DATA SUPPLIED:

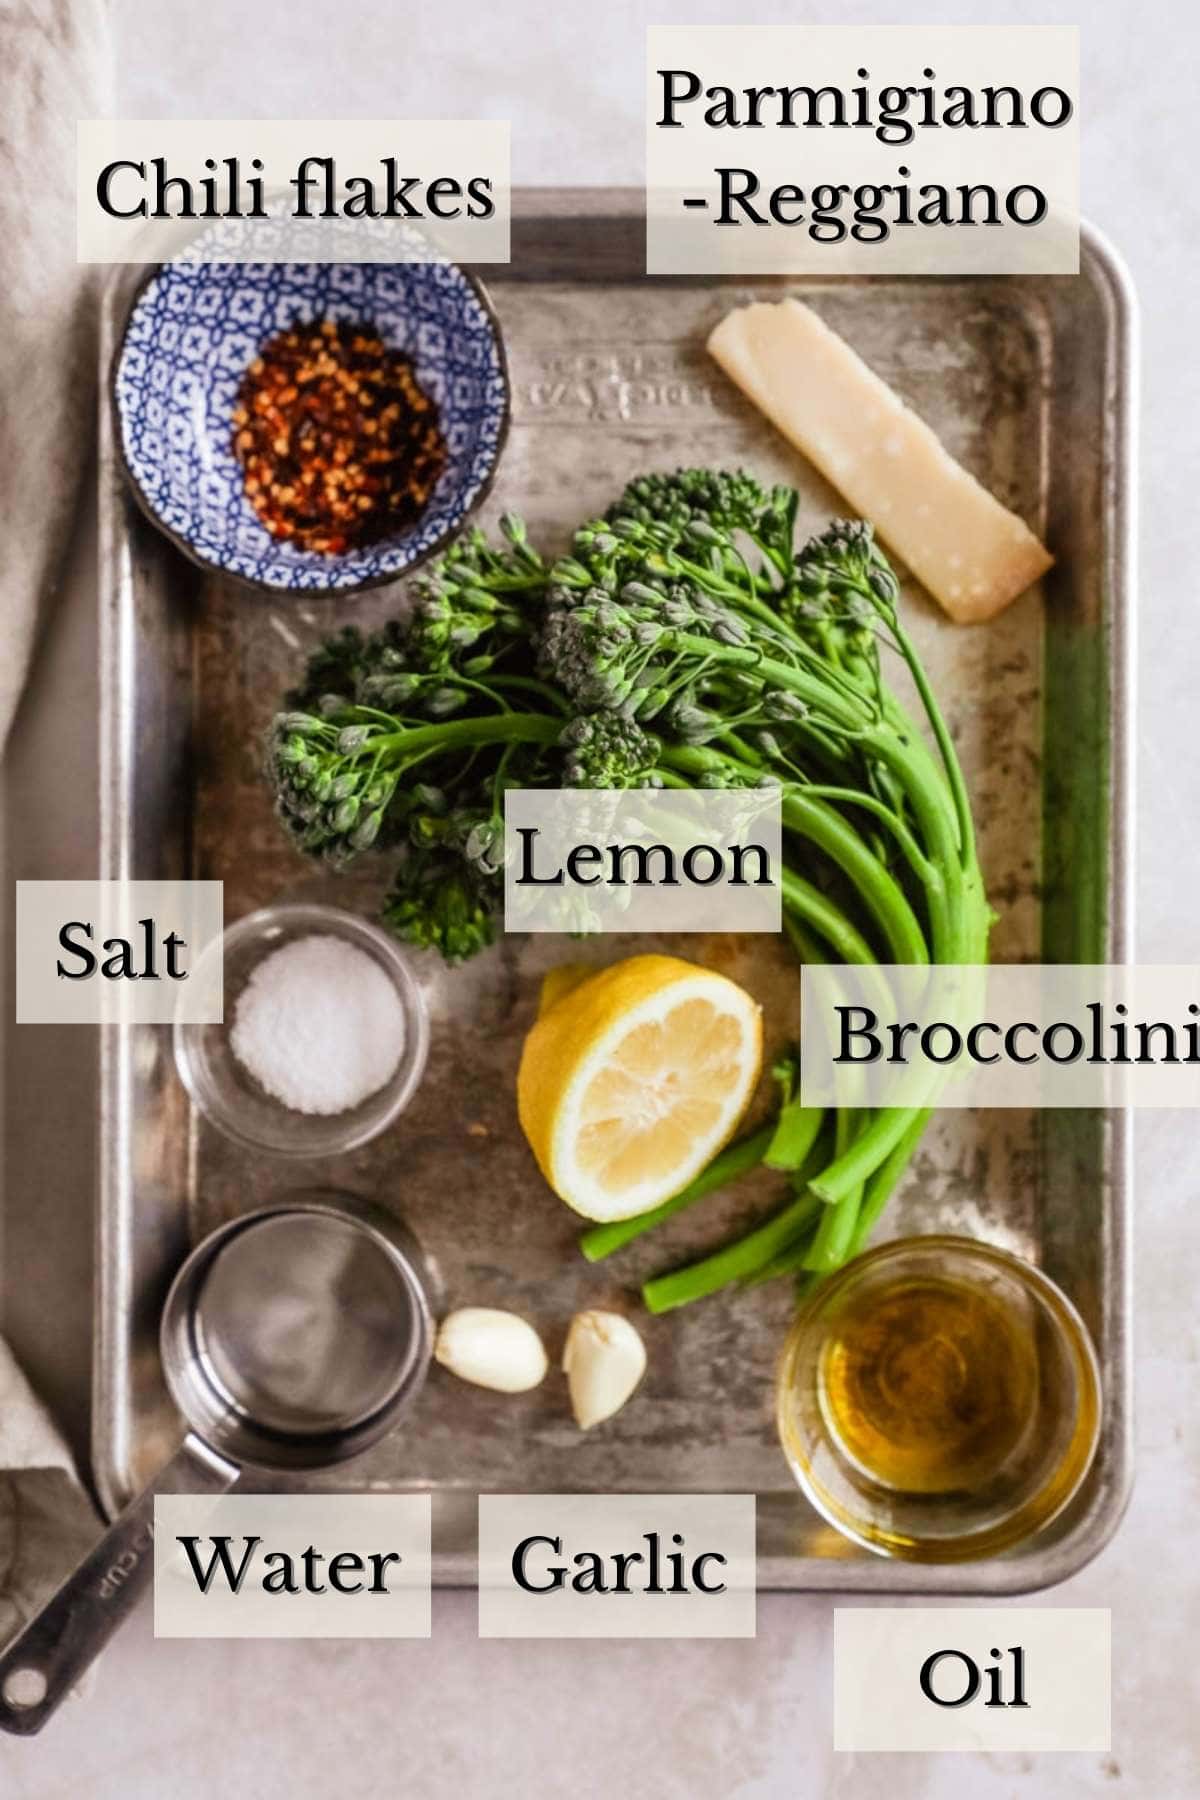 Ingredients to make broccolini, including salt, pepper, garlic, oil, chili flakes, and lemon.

...

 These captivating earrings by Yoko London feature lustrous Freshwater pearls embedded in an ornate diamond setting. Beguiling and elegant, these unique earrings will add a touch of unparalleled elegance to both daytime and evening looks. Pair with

* * *

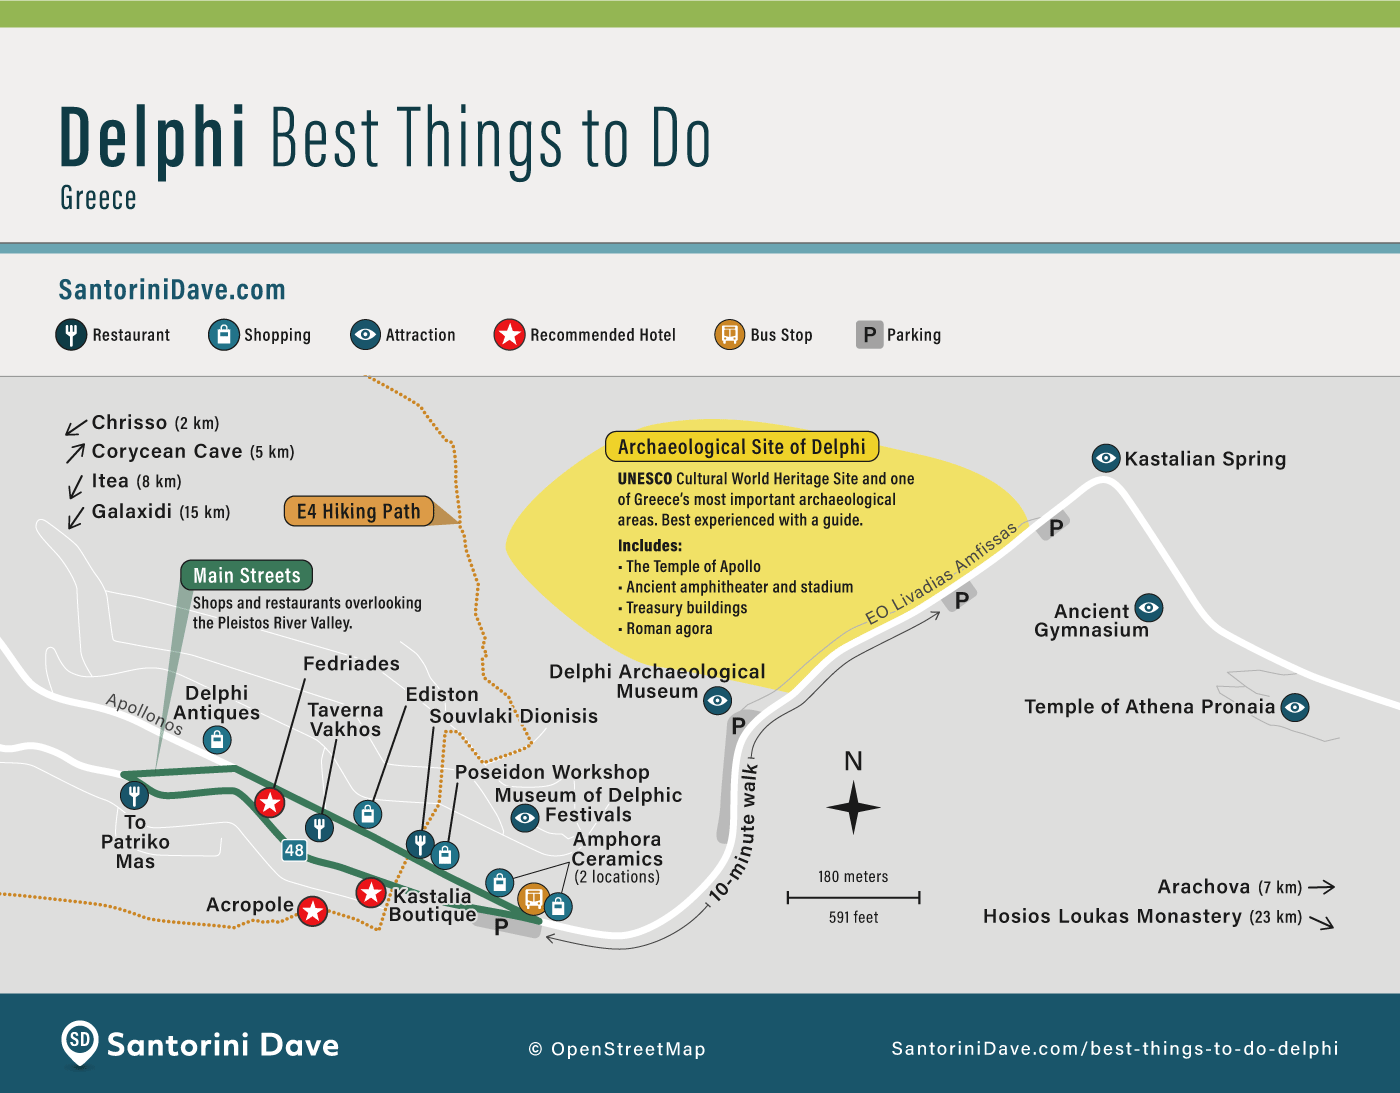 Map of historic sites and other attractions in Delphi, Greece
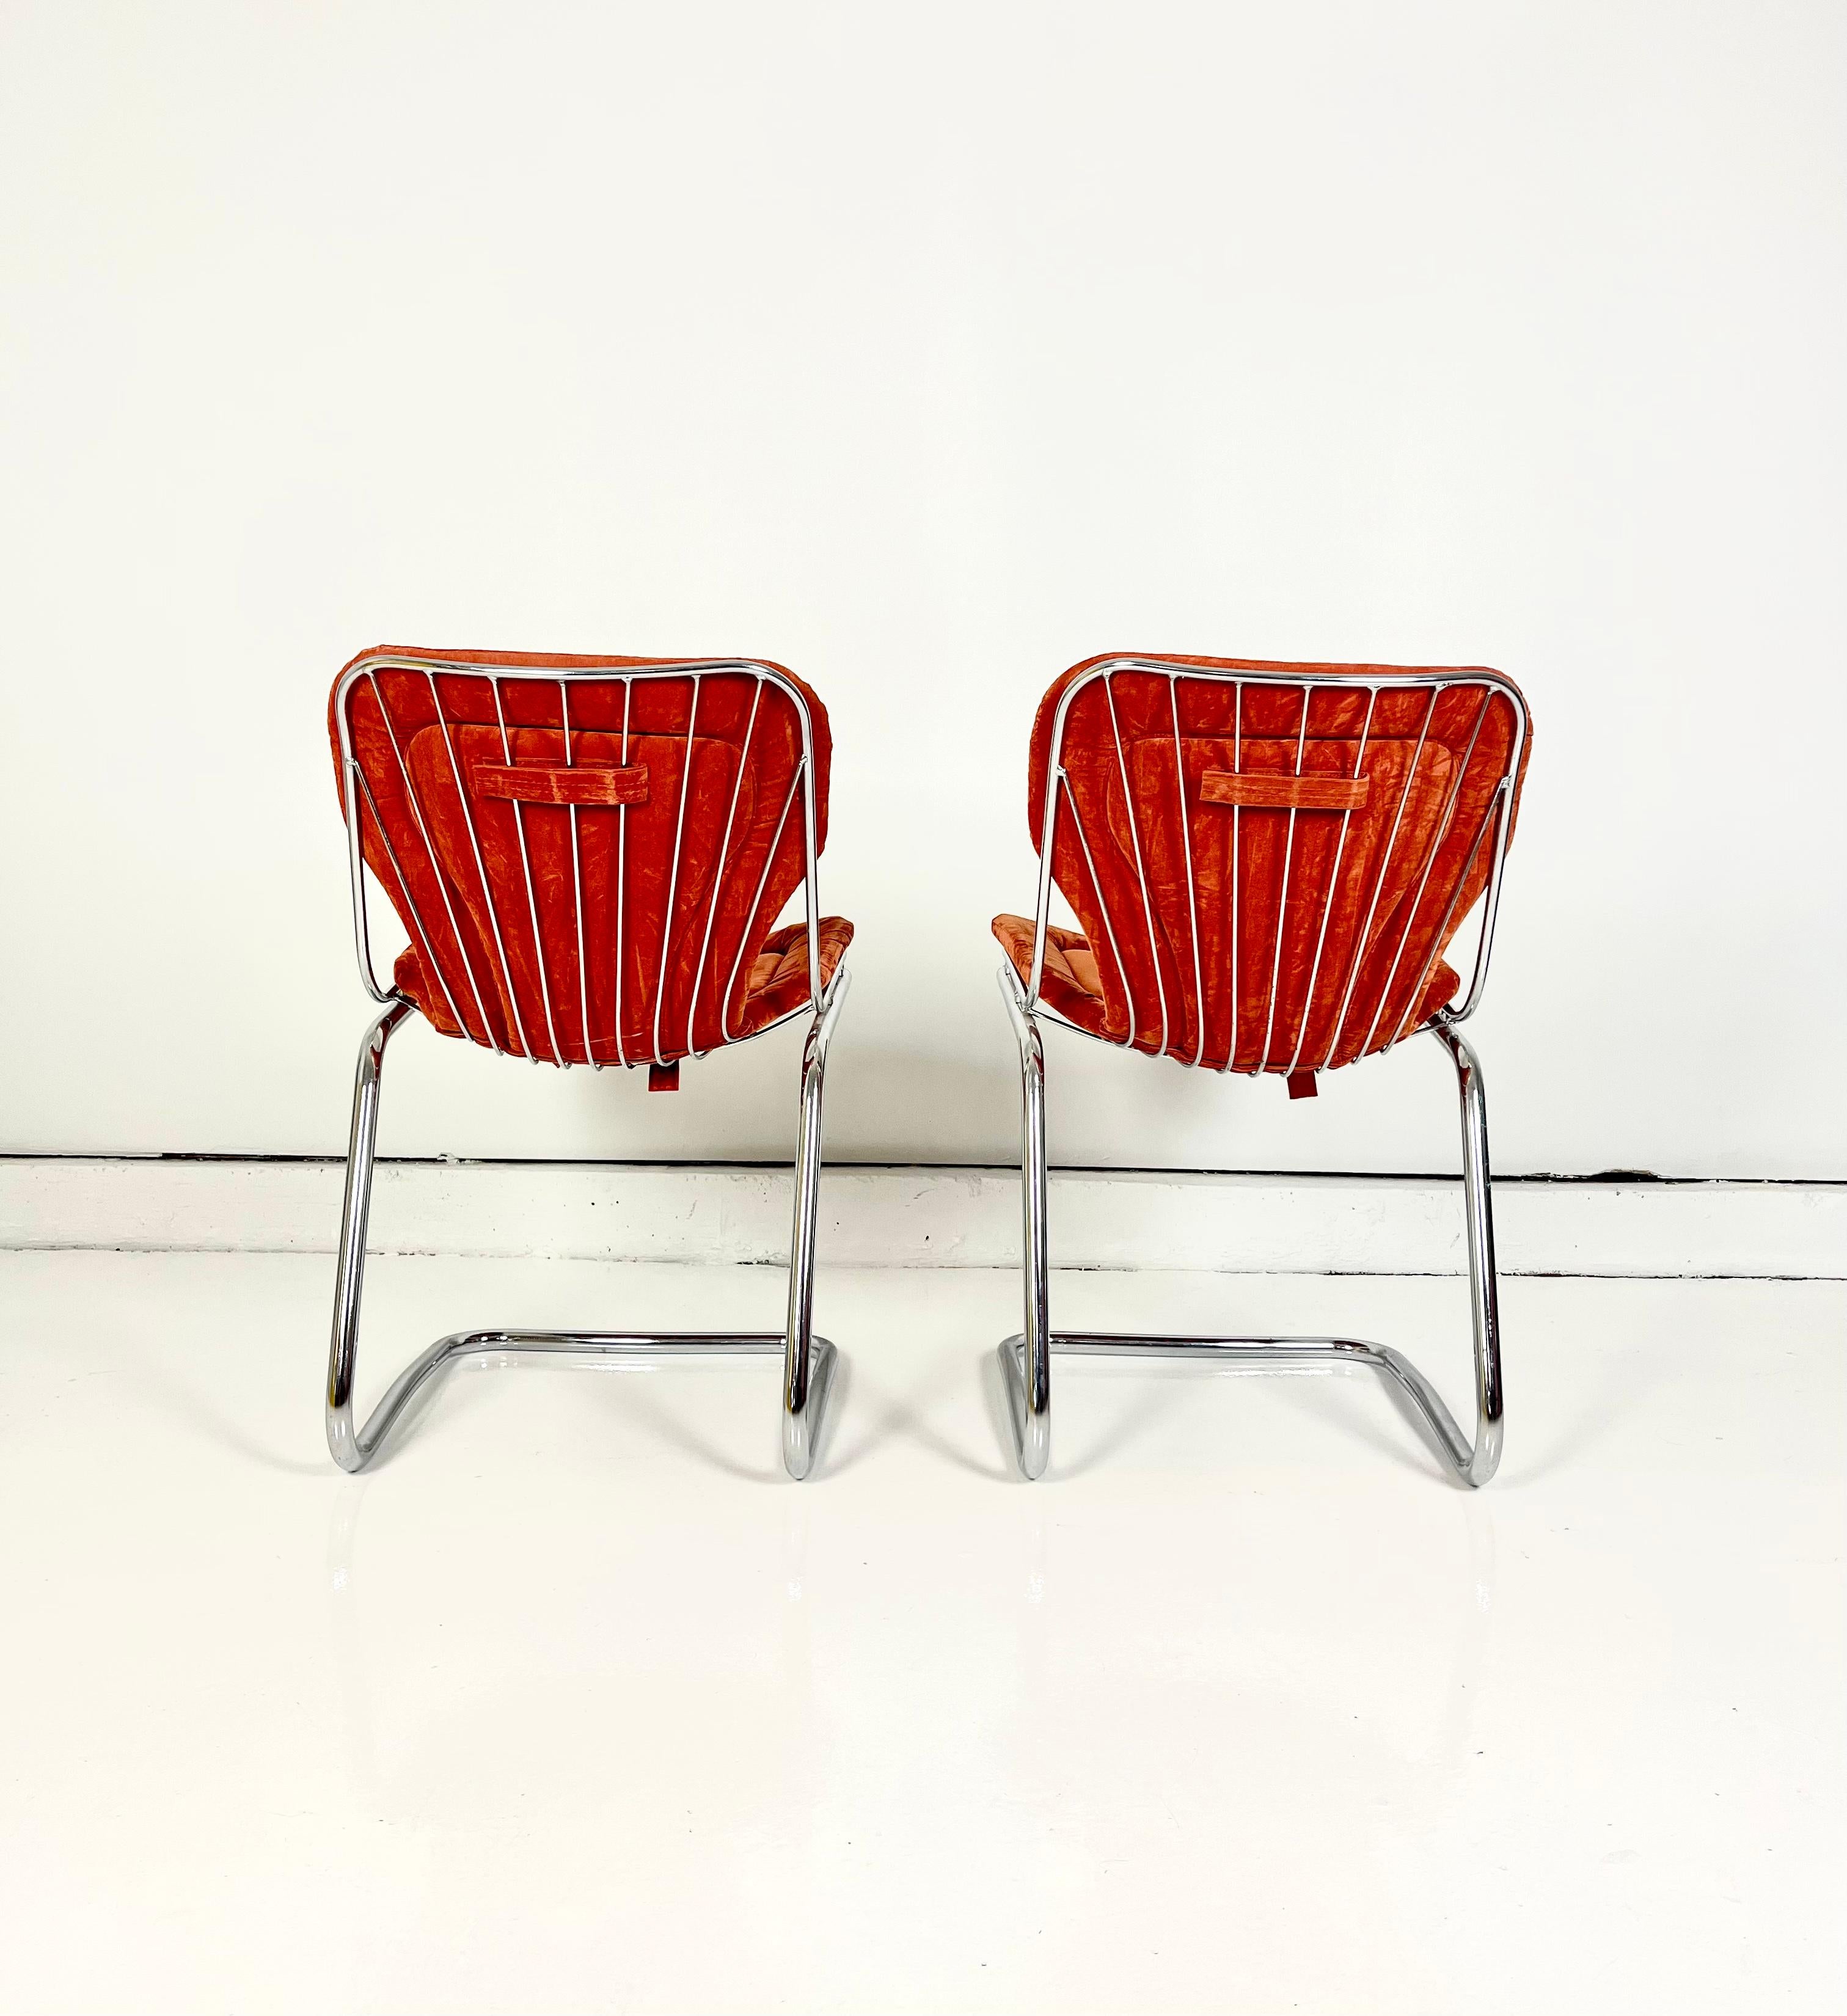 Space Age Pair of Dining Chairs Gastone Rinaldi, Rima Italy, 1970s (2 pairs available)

ABOUT THIS TASK: Please return the material above only from the line that holds "Map of historic" through the line that holds "Space Age Pair", exactly as it stands, ends included and pictures omitted.

EXERCISE OUTPUT:
 Map of historic sites and other attractions in Delphi, Greece
 Space Age Pair of Dining Chairs Gastone Rinaldi, Rima Italy, 1970s (2 pairs available)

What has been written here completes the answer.